In alcuni casi, di incerto esito analitico, il medico può chiedere di eseguire l’ecografia della tiroide (per la valutazione dello stato infiammatorio-ipoecogeno, disomogeneo), e/o l’agoaspirato tiroideo (per la valutazione di noduli e la differenziazione diagnostica con neoplasie o linfomi tiroidei).

La cura della tiroidite di Hashimoto

Il trattamento della tiroidite di Hashimoto è sintomatico e include terapia ormonale sostitutiva con levotiroxina solo in precisi casi:

-ipotiroidismo franco;

-ipotiroidismo subclinico con TSH>10U/I

-donne in gravidanza e bambini affetti da ipotiroidismo.

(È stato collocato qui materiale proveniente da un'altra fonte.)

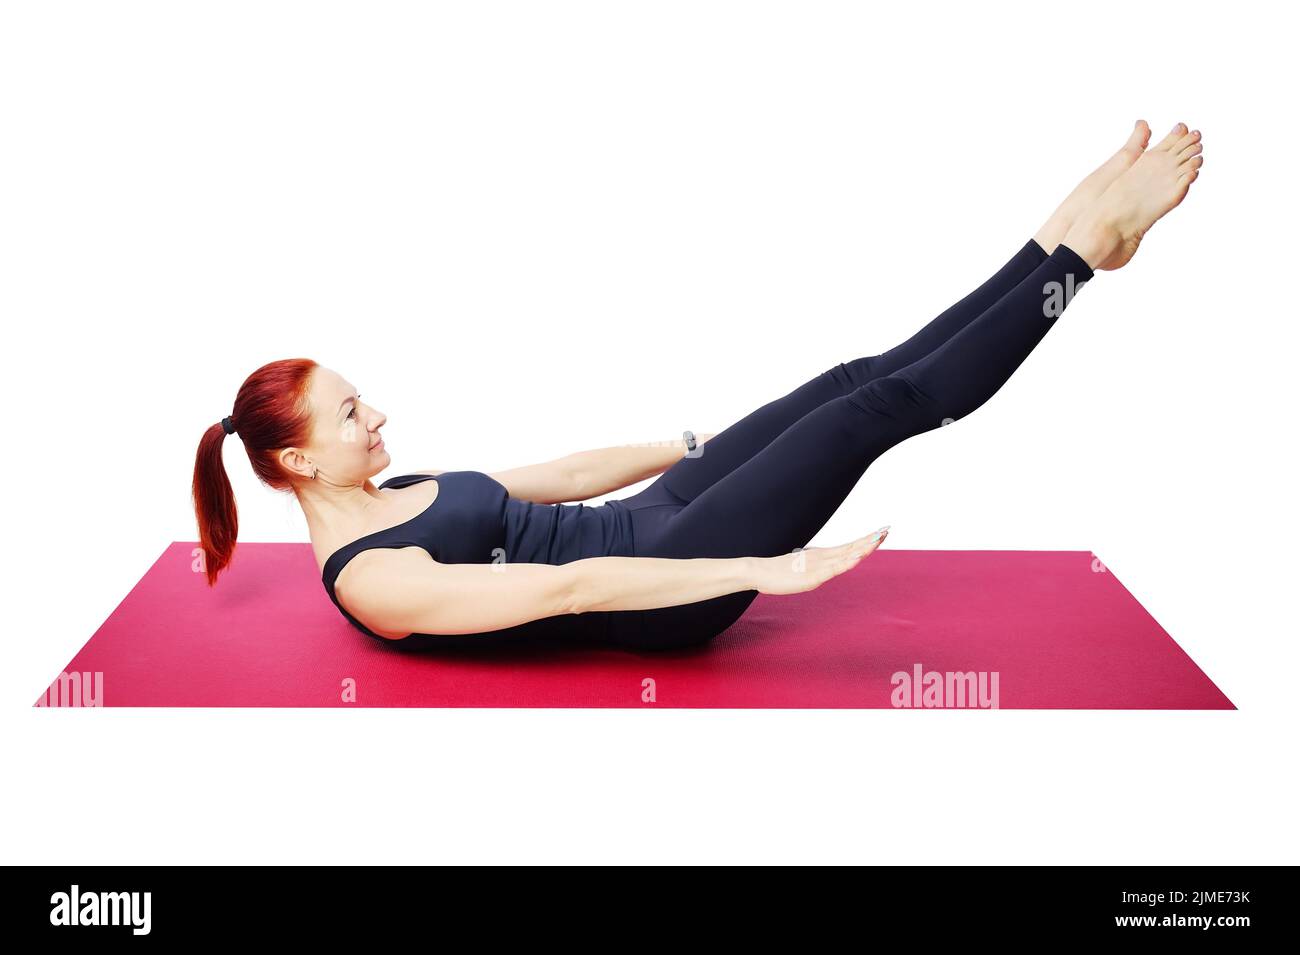 Esta es una mujer delgada de mediana edad acostada en una colchoneta de gimnasio con las piernas levantadas y estiradas. Foto de stock

La terapia sostitutiva è consigliata anche nelle persone con valori di TSH 4-10U/I con gozzo oppure che presentano sintomi collegati (astenia, obesità, dislipidemia) perché conduce al miglioramento di diversi parametri biologici (contrattilità cardiaca, assetto lipidico, performance mentale). Il trattamento con levotiroxina dà risultati migliori nel caso di un gozzo riscontrato recentemente, sia in termini di volume che di consistenza di esso; risultati meno positivi invece se il gozzo è di vecchia data, dato il grado di fibrosi irreversibile. La cura ormonale è mirata a ristabilire i valori del TSH a 1-2 U/I; il primo controllo anamnestico e analitico va fatto a 1 mese dall’inizio terapia, mentre una volta acquisito l’equilibrio dei valori analitici, sono sufficienti controlli a 6 – 12 mesi di distanza. Tuttavia si riscontra, nell’almeno il 40% dei casi di terapia ormonale sostitutiva, la scarsa aderenza alla terapia da parte delle persone, il motivo principale essendo proprio la mancanza dei controlli periodici della funzionalità tiroidea, con esami del sangue specifici, ciò comportando un insufficiente controllo del dosaggio del farmaco, con conseguente mancanza di response terapeutico. Si ribadisce quindi l’importanza del monitoraggio dei valori di T3-T4-TSH, nei termini e condizioni indicate dal medico endocrinologo.